Rechtsanwalt Nils Wittmiss

F-200 ASG Rechtsanwälte GmbH
10117, Berlin
16.05.2011

Folgen außerdienstlicher Aktivitäten für die NPD

Wie sich aus einer aktuellen Entscheidung des Bundesarbeitsgerichts ergibt, rechtfertigt auch im öffentlichen Dienst nicht jede außerdienstliche Tätigkeit für eine verfassungswidrige Partei eine personenbedingte Kündigung. Voraussetzung ist vielmehr ein aktives Eintreten für die Partei, wobei die Erklärung der Verfassungswidrigkeit der Partei durch das Bundesverfassungsgericht nicht erforderlich ist.

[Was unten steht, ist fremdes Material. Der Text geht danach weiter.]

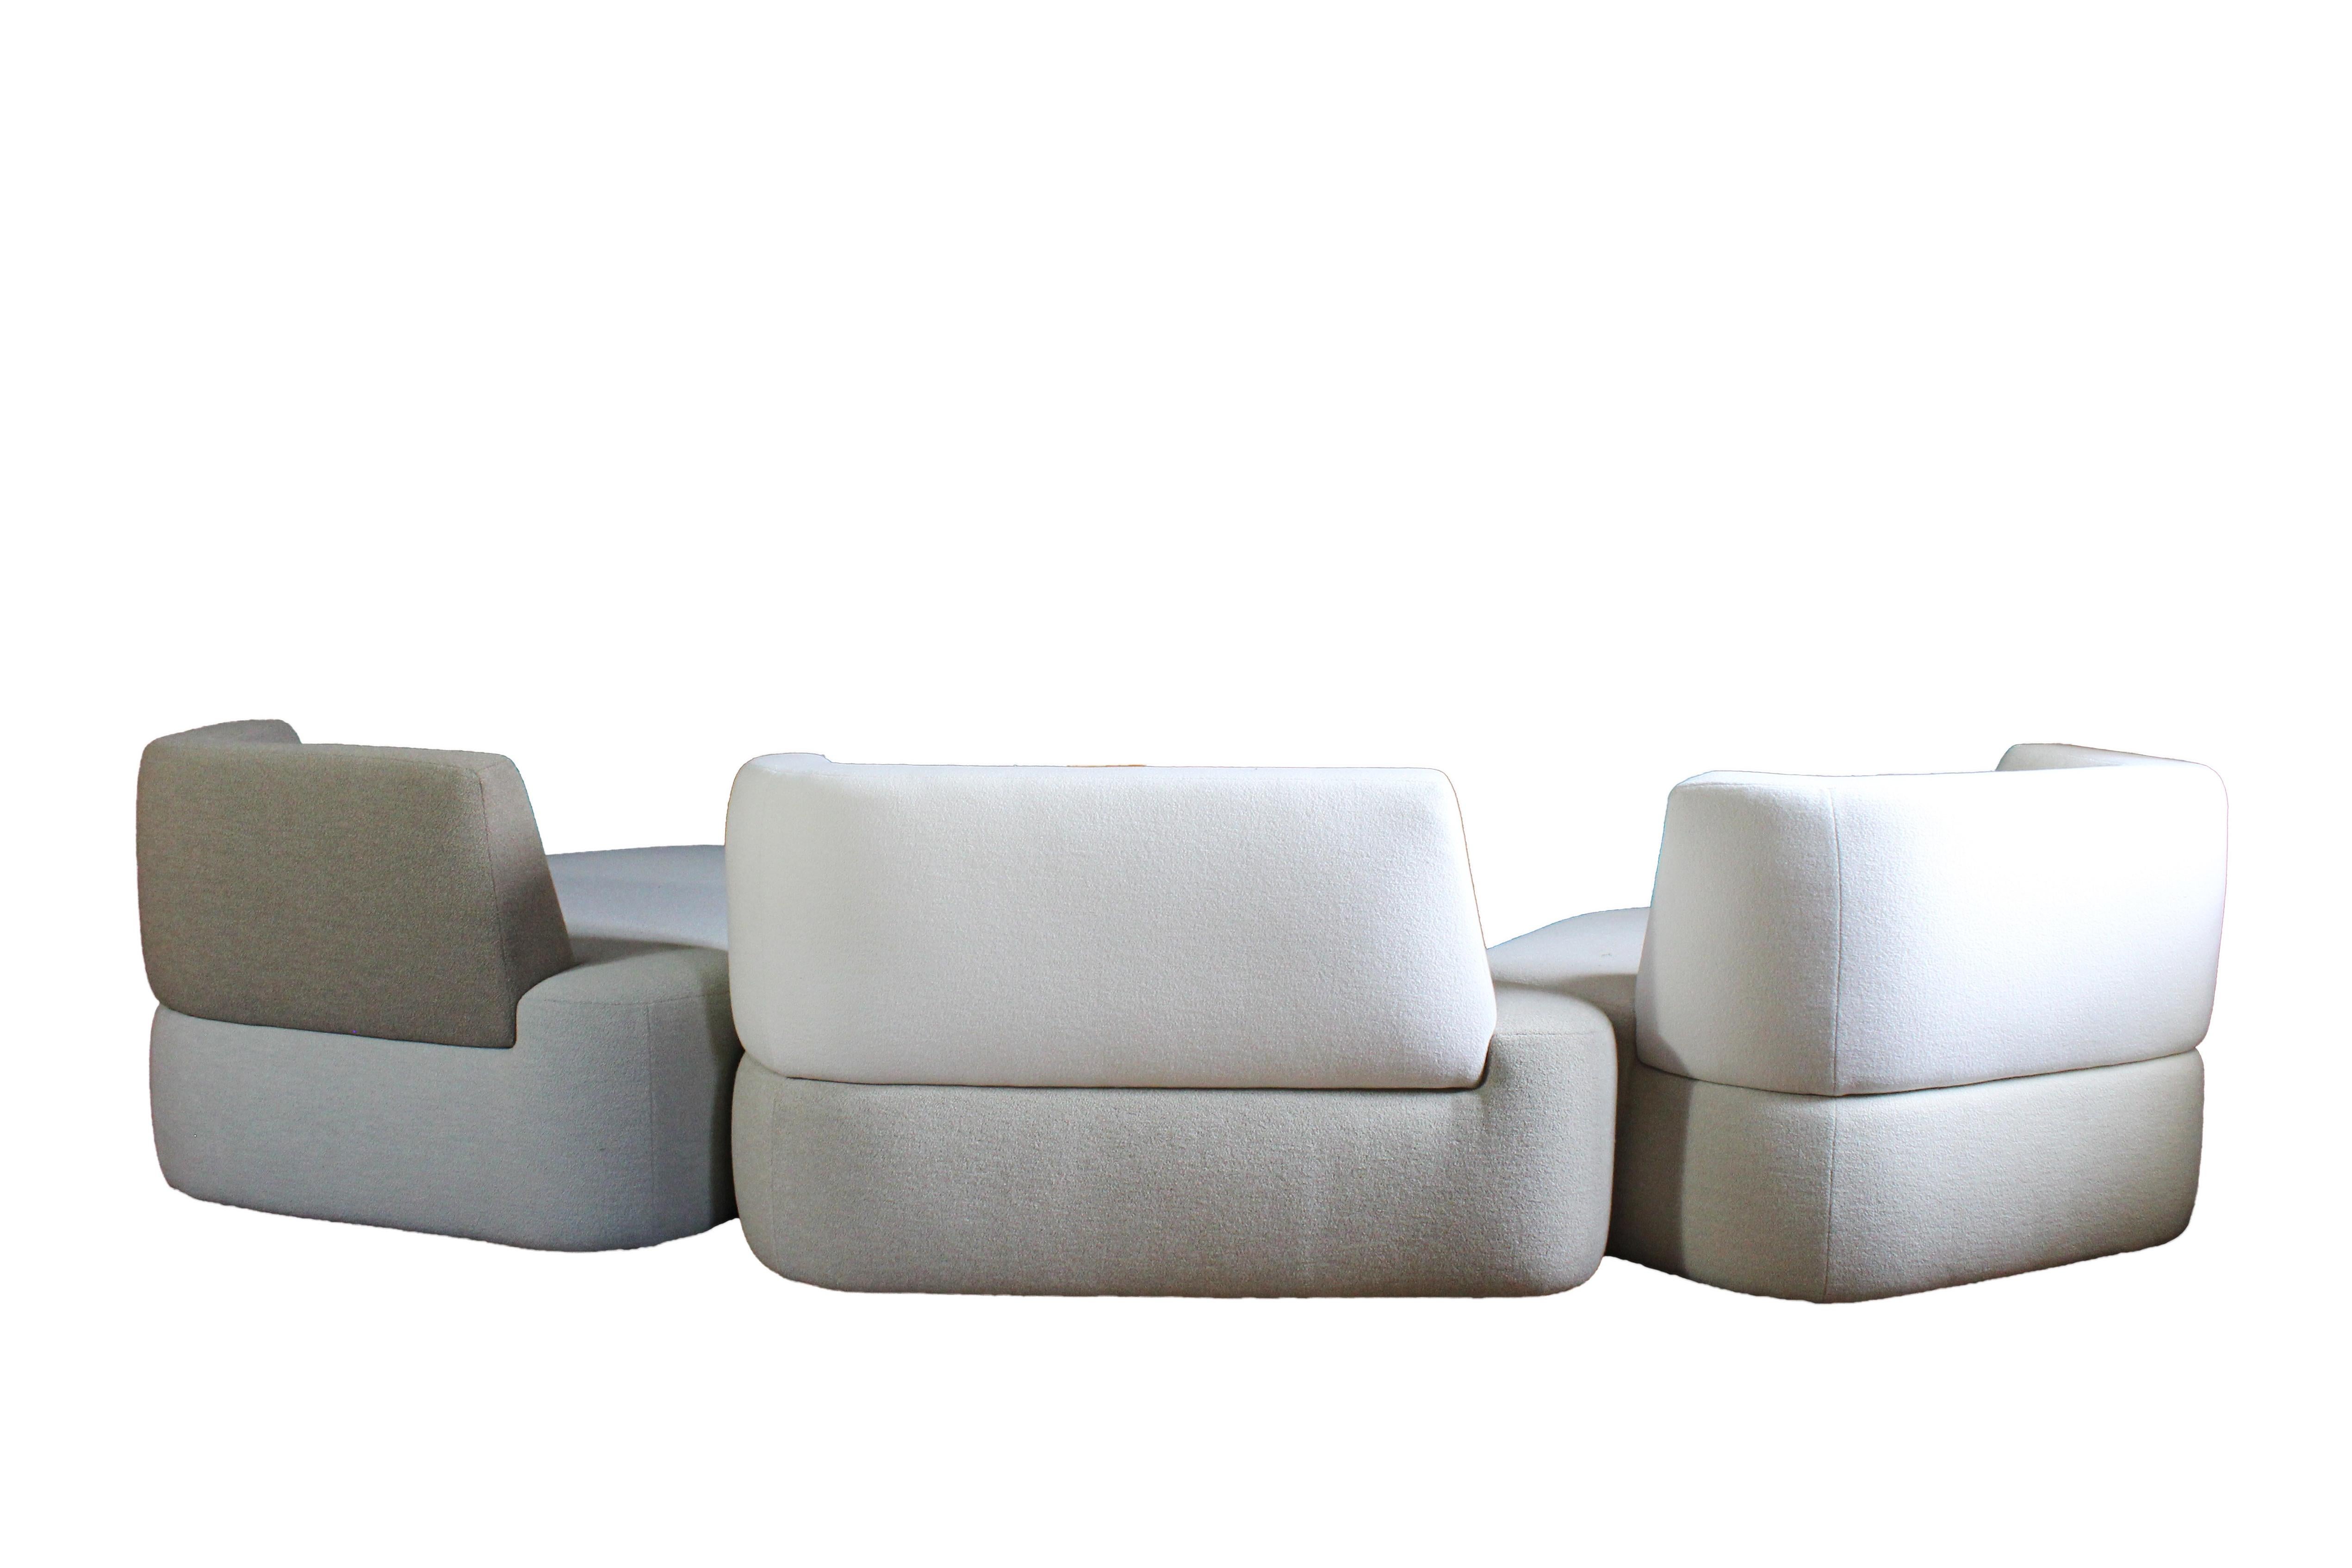 Fabric Organic Sofa in White Cream Brown Wool Handmade in France 3 sets For Sale

Der Kläger war seit 2003 beim Beklagten Land in der Finanzverwaltung tätig und ist Mitglied der NPD. Vor Vertragsschluss bekannte sich der Kläger in einer Erklärung zu den Grundsätzen der freiheitlichen demokratischen Grundordnung im Sinne des Grundgesetzes. Ferner gab er an, nicht Mitglied einer Organisation zu sein, die diese Grundordnung bekämpfe.

Im Jahr 2007 mahnte das beklagte Land den Kläger wegen verschiedener parteipolitischer Aktivitäten ab. Ein Jahr später kündigte es das Arbeitsverhältnis fristlos, hilfsweise ordentlich mit der Begründung, durch die Teilnahme an einer Gedenkveranstaltung habe der Kläger erneut seine Treuepflicht verletzt. Außerdem focht das beklagte Land den Arbeitsvertrag wegen arglistiger Täuschung an.

Hiergegen wehrte sich der Kläger auf dem Arbeitsrechtsweg. Er war der Auffassung, seine Aktivitäten für die NPD wiedersprächen nicht der freiheitlichen demokratischen Grundordnung, schließlich sie die NPD nicht wegen Verfassungsfeindlichkeit verboten. Das beklagte Land macht hingegen geltend, vom Kläger durch das Verschweigen seiner parteipolitischen Betätigungen getäuscht worden zu sein. Darüber hinaus habe der Kläger durch die Parteiaktivitäten gegen seine Pflichten in grober Weise verstoßen, sodass er für eine Fortsetzung der Tätigkeit nicht geeignet sei.

Nachdem das Arbeitsgericht der Klage teilweise und das Landesarbeitsgericht der Klage in Gänze stattgaben, scheiterte das beklagte Land nun auch in der Revision.  In den Augen der Bundesrichter ist sowohl die Anfechtung des Arbeitsvertrages als auch die Kündigung des Klägers aufgrund der Aktivitäten für die NPD unwirksam.

Das Land war zur Anfechtung nicht berechtigt, denn es sei zur Überzeugung des zweiten Senats davon auszugehen, dass sich der Kläger bei Abgabe der Erklärung eines Eignungsmangels nicht bewusst war.

Ein Kündigungsgrund lag ebenfalls nicht vor. Jedenfalls habe der Kläger zwischen der Abmahnung und dem Zugang der Kündigung kein Verhalten gezeigt, das als aktives Bekämpfen der freiheitlichen demokratischen Grundordnung des Grundgesetzes angesehen werden könne. Eine Kündigung kann aber nicht ausschließlich auf ein Verhalten gestützt werden, das bereits Inhalt einer Abmahnung war. Mithin war auch nicht zu entscheiden, ob die NPD als verfassungsfeindlich einzustufen ist und ob das abgemahnte Verhalten deutlich gemacht hat, dass der Kläger mögliche verfassungsfeindliche Ziele der NPD aktiv unterstützt.